I’d also planned to spend a few days in Detroit/Windsor, but I’m backing off on that for now because I have too much going on here to be gone for that long and because I’d like to spend more time there. Thus I may merge this with the annual Thanksgiving road trip to Canada this year.
Anyhow follow Groceteria on Twitter for real-time updates. Recommendations on things to see welcome.
Just returned from a snowy weekend in New Jersey, with side trips to Philadelphia and (drum roll, please) Wilmington, Delaware? Why the drum roll? Because I now have the data in hand to complete Groceteria’s 50th state, which I promised to do by the site’s 20th anniversary this summer. That’s coming soon, but for now, here are some recent additions and updates:
- New Orleans Chain Grocery/Supermarket Locations, 1929-1956
- Jackson (Mississippi) Chain Grocery/Supermarket Locations, 1927-1959
- Trenton Chain Grocery/Supermarket Locations, 1925-2005
- Atlantic City Chain Grocery/Supermarket Locations, 1925-1976 (UPDATE)
- Newark Chain Grocery/Supermarket Locations, 1925-1964 (UPDATE)
The store above is a still-standing Food Fair on Brunswick Avenue in Trenton NJ. There’s another one that’s even better here.
Also, I’ll be visiting the Allen County Public Library in Fort Wayne next month and will be filling in a lot of holes using their massive collection of print city directories from around the country. That trip will also take me to Detroit, Toledo, and possibly Lansing and Milwaukee. More soon.
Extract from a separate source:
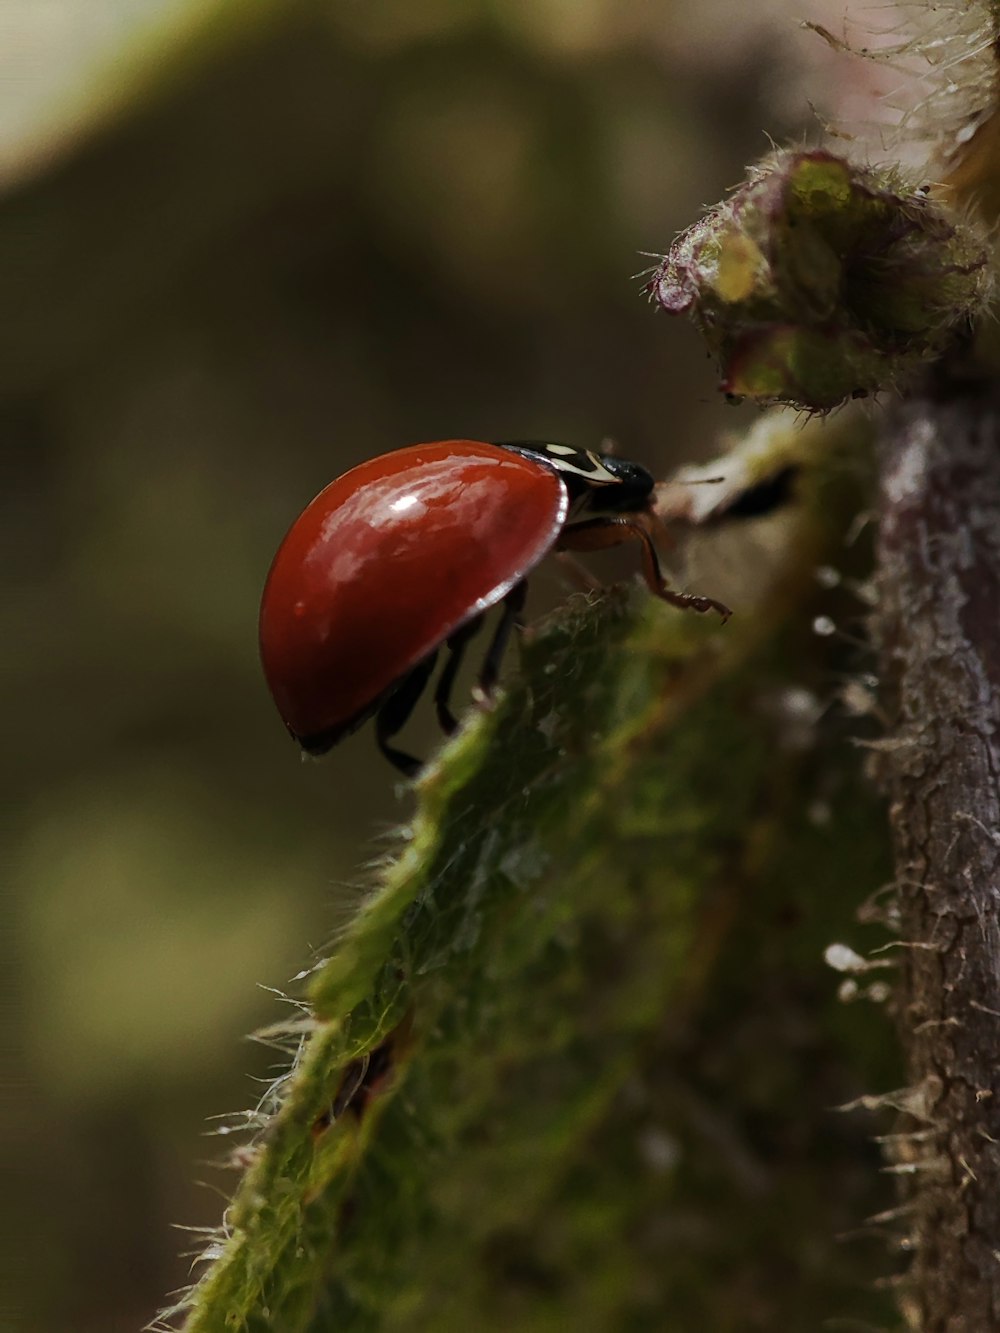 a close up of a red and black bug on a leaf
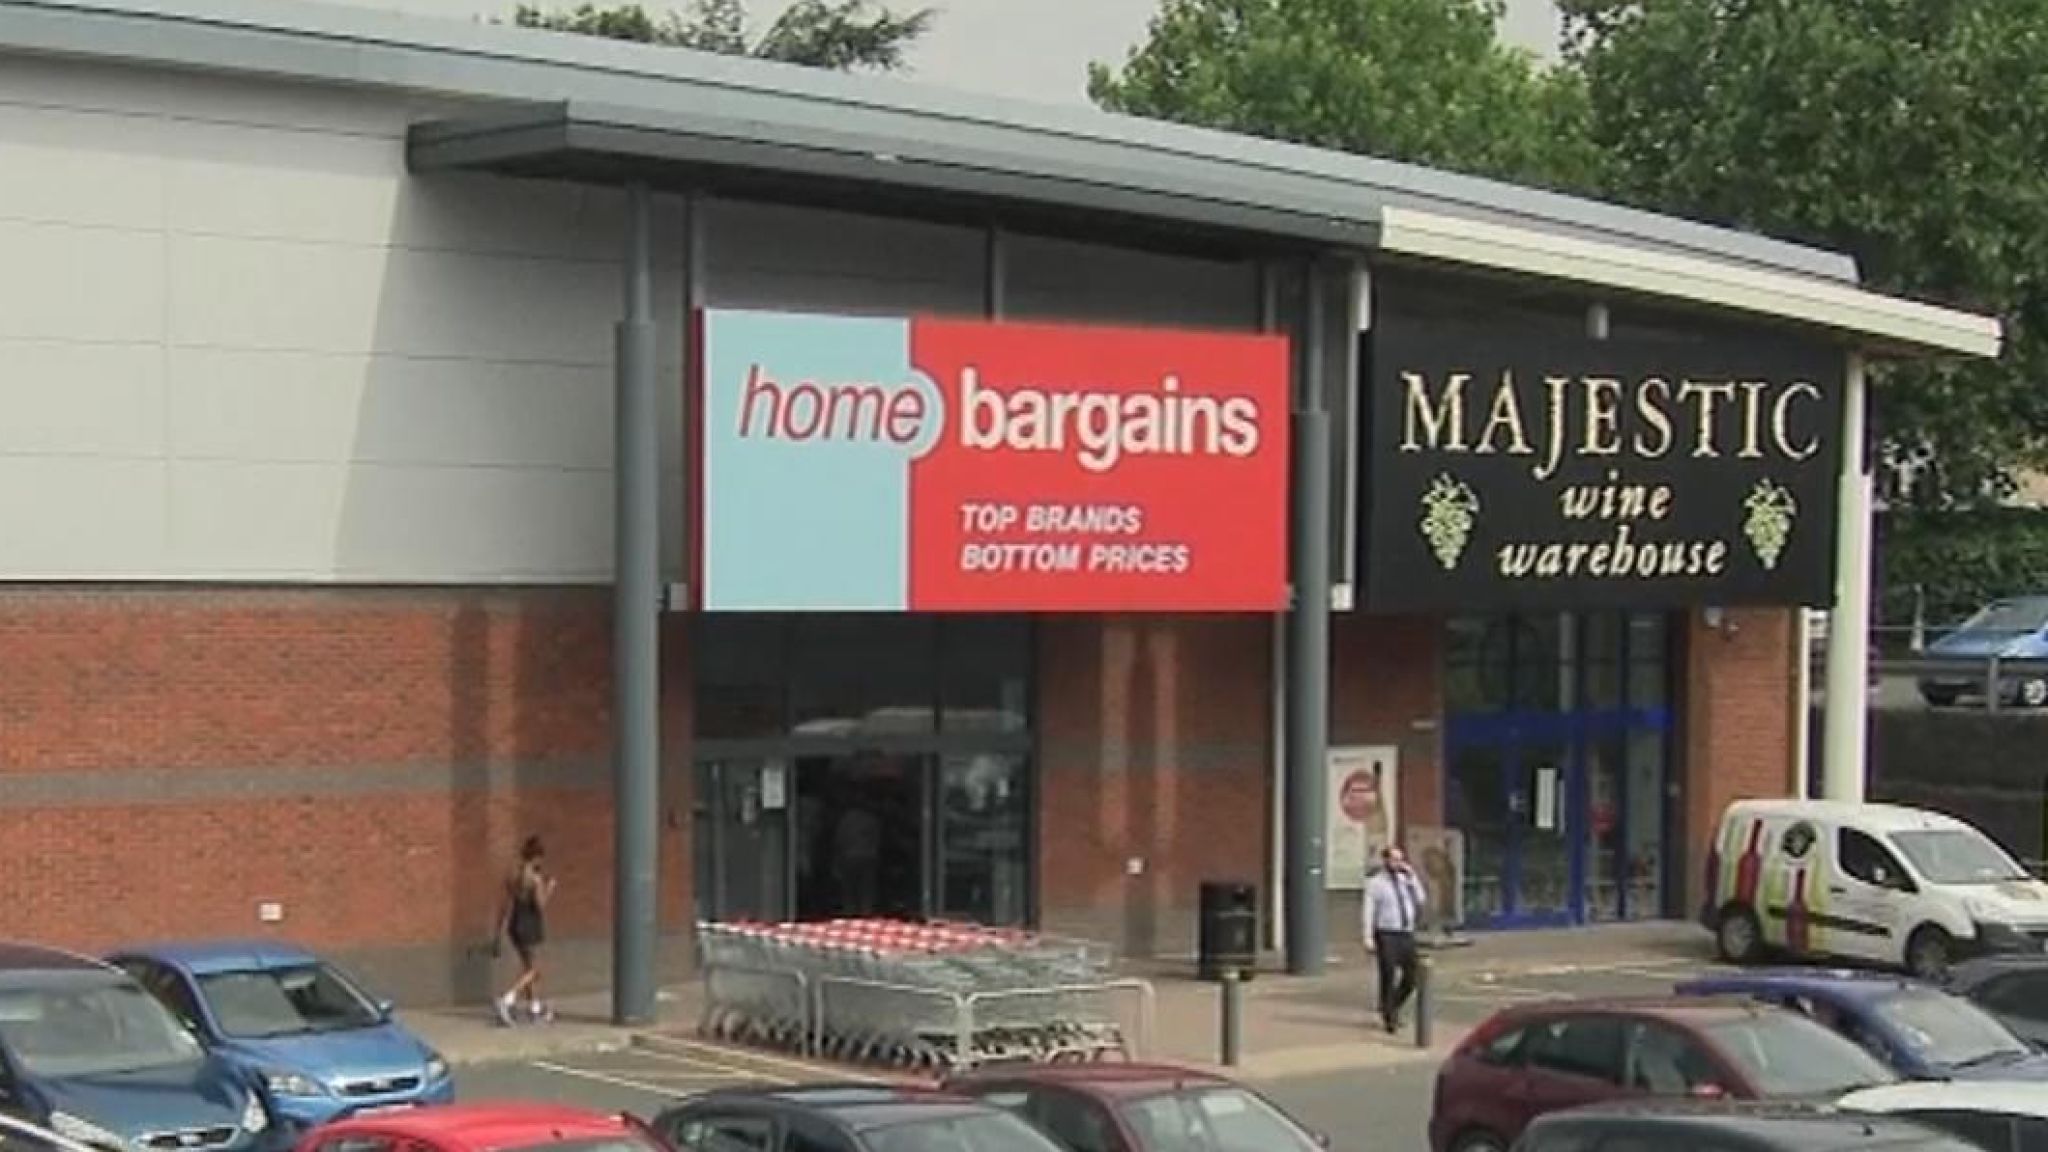 The attack is said to have happened at Home Bargains shop in Worcester.

Only three more states and I will have every US state and Canadian province covered on the site. I’m already working on the final three, which will be:
- Delaware (Wilmington): I may be traveling there to do a full list in the next few months.
- Louisiana (New Orleans): Only through 1959 for now. I will have to visit in person to do the rest.
- Mississippi (Jackson): Same as New Orleans.
Recent additions (in no particular order):
- Asheboro NC
- Rockingham NC
- Williamsburg VA
- Washington PA
- Keene NH
- Burlington VT
- Anchorage AK
- St Catharines ON
- Hamilton ON
- Oshawa ON
- Niagara Falls ON
As Groceteria.com moves into 2019, when the site celebrates its twentieth anniversary, I’m pondering (as always) the next steps toward what the site will be like in the future. Feedback is much appreciated.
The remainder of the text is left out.